Lunch is served and suddenly there’s a big spout in our wake, close enough to hear. The thrill is off the scale and we dance about in excitement. It’s a couple of 30ft minke whales. They’re known to be inquisitive and are very nosey. They stay with us for a couple of days, coming to within feet of the hull and at times swimming with their heads out of the water as if checking out the topsides. The ocean isn’t as lonely as you might think.
But come the end we’re ready to stop, so I shout “Land ho!” with great gusto as Antigua rises ahead of us out of the haze.
We’ve timed it perfectly. We arrive late afternoon and as we turn towards Falmouth Harbour we can smell the scent of an exotic island like perfume after so long at sea. We pick up a mooring, crack open a bottle of champagne, revel in the companionable silence, the stillness, the lifting of 24-hour responsibility. It’s a magic moment as the sun sets behind the bay.
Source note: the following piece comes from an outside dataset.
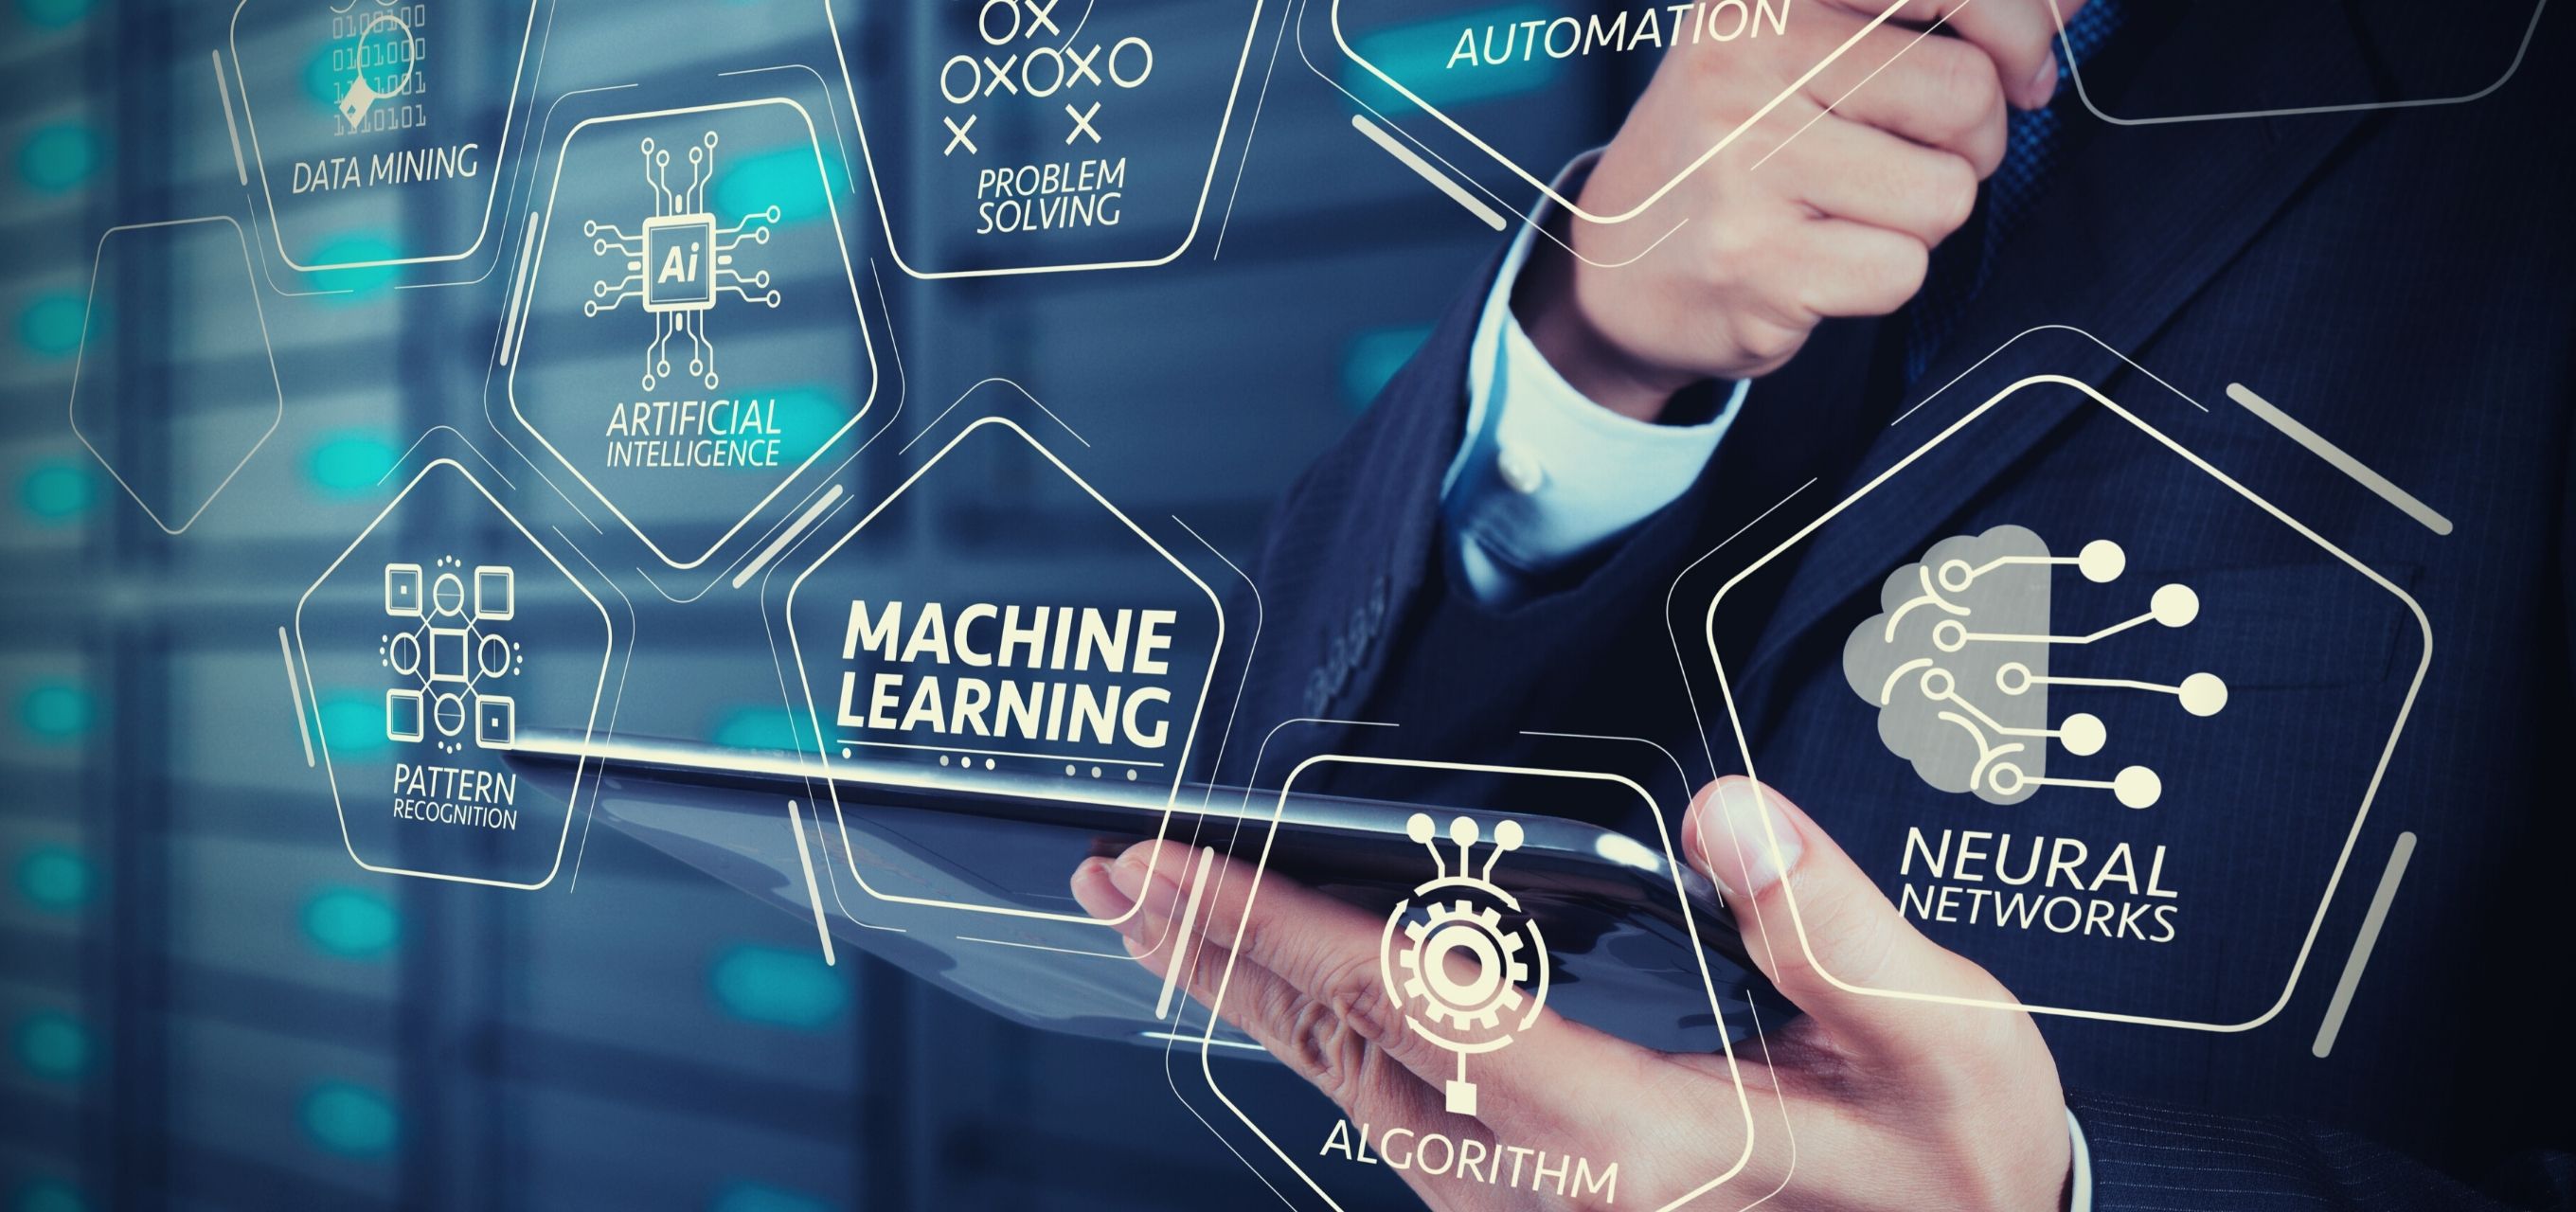 Обучение машинному коду. Машинное обучение и большие данные. Информационные технологии. Автоматизация искусственный интеллект. Технологии машинного обучения.

Special things in life must be earned and the toil has been a pleasure. Not a single cross word has been spoken. I think we’ll take to this new life. And lying ahead of us now there is so much to see.
About the author
Pete Goss is a former Royal Marine and adventurer who has competed in the OSTAR, TWOSTAR, been a skipper in the British Steel Challenge round the world race, the Vendée Globe, Transat Jaques Vabre and the Route du Rhum.
He built the lugger Spirit of Mystery and sailed her from the UK to Australia, and has kayaked round Tasmania, led four expeditions to the North Pole, and is an Associate Fellow at Saïd Business School, Oxford University. But most importantly, he says, he is husband to Tracey and father to Alex, Olivia and Eliot.